Glove liner materials
Silk Liners (The type I use)
I chose the silk type of liners primarily down to a member of staff I met at Lake Tahoe on my first skiing trip. She told me that tightly woven silk provides very close threads which trap in body heat. This ultimately keeps you warm.
But combining this with added wicking fiber which will keep the moisture out and your hands dry is the perfect combination that you should look for when looking to purchase a pair of glove liners.
Wool is also another very good material for glove liners. The wool can also include the wicking capabilities similar to silk. They’re also lightweight and warm.
The bottom line to why you should wear glove liners in cold weather
Even though we’re speaking about glove liners for the cold. It’s also important to keep your feet warm. You may want to search up sock liners as well. Trust me they’ll come in handy.
But the bottom line is the cold weather is no joke. It’s important to keep yourself warm to protect your health. A little extra insulation that the glove liners will offer will go a long way to keeping you warm.
So make sure you’re prepared. Add a liner, they’re cheap. They keep your warm.
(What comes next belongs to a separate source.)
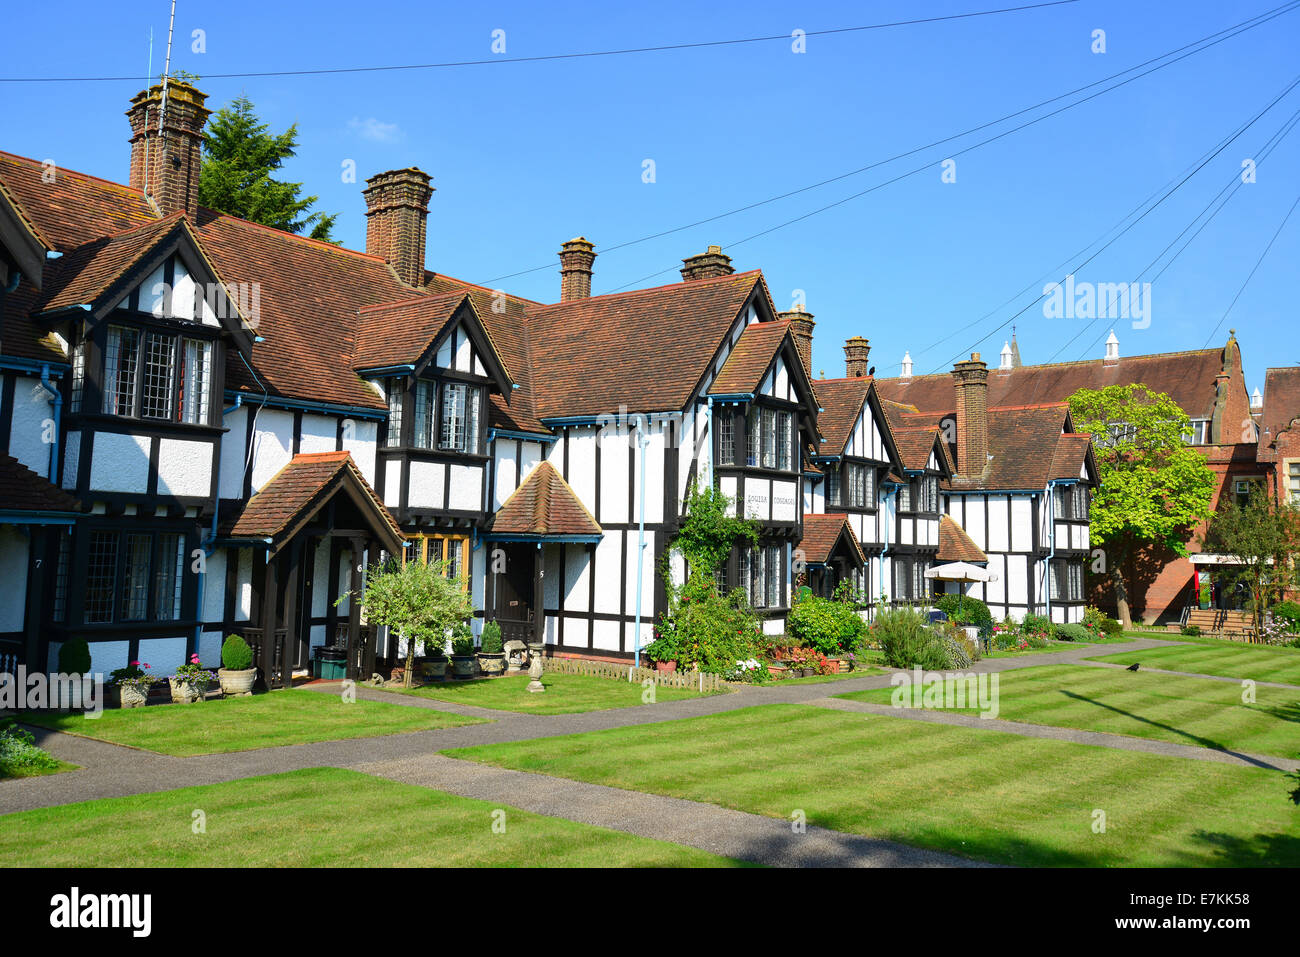 Louisa Cottages (19ème siècle hospices), Park Road, Hemel Hempstead, Hertfordshire, Angleterre, Royaume-Uni Banque D'Images

And SAFE!
Why Trust Us
So why should you trust our recommendations? Although I must admit I haven’t used glove liners for work. I’ve used glove liners for many years whilst I’ve been skiing and hiking. So I’ll show you the pair I use to this day. They help keep my hands dry and warm whilst I’m skiing in near Lake Tahoe.
The first time I went skiing I didn’t use glove liners. In fact I’d never even heard of them before. But my hands was cold. Especially once the moisture had got in my ski gloves. It was cold. Maybe you know that and that’s why you’re here today.
But apart from that any product we’ll recommend will always have hundreds of positive reviews across multiple online retailers. And will tick all the boxes the best glove liners for cold weather.
Before I share the glove liners I use. It’s important to say that for glove liners to work you must keep in mind that they shouldn’t be stretched. And that they should provide a snug fit so that the liner is in contact all over your hand.
The glove liners I use
The Alaska bear natural silk liner gloves have provided me with warmth whilst skiing. They’re made from mulberry silk with moisture wicking fiber. Remember I told you about that, it helps keep the moisture out keeping your hands dry day and night.
They’re light and thin, and fit under all different types of gloves. This was the main reason I decided to get them. According to them they’re perfect for typing, riding, and walking, photographing, running, fishing and to be used as work gloves.
They also apparently provide relief for skin conditions such as rosacea and eczema. Something to consider if you suffer from one of those.
Alternate Wool Liners
If you’re not a fan of the silk glove liners. Then an alternative which are just as good are the Merino wool glove liners. The warm lining will lock in body heat keeping your hands warm.
The soft texture provides a comfortable fit, whilst they include a windproof overlay which prevents your hands from getting cold from the cold air.
Like the silk liners they are also very versatile and can be used for many different uses from skiing to hiking.
So just a quick update to this post. After talking to an experienced member of staff whilst skiing. They suggested that both silk and merino wool glove liners would be suitable for extreme cold weather.
I just thought I’d include this because although I use glove liners, I wouldn’t call myself an expert. So it’s nice to hear an experienced head on this topic.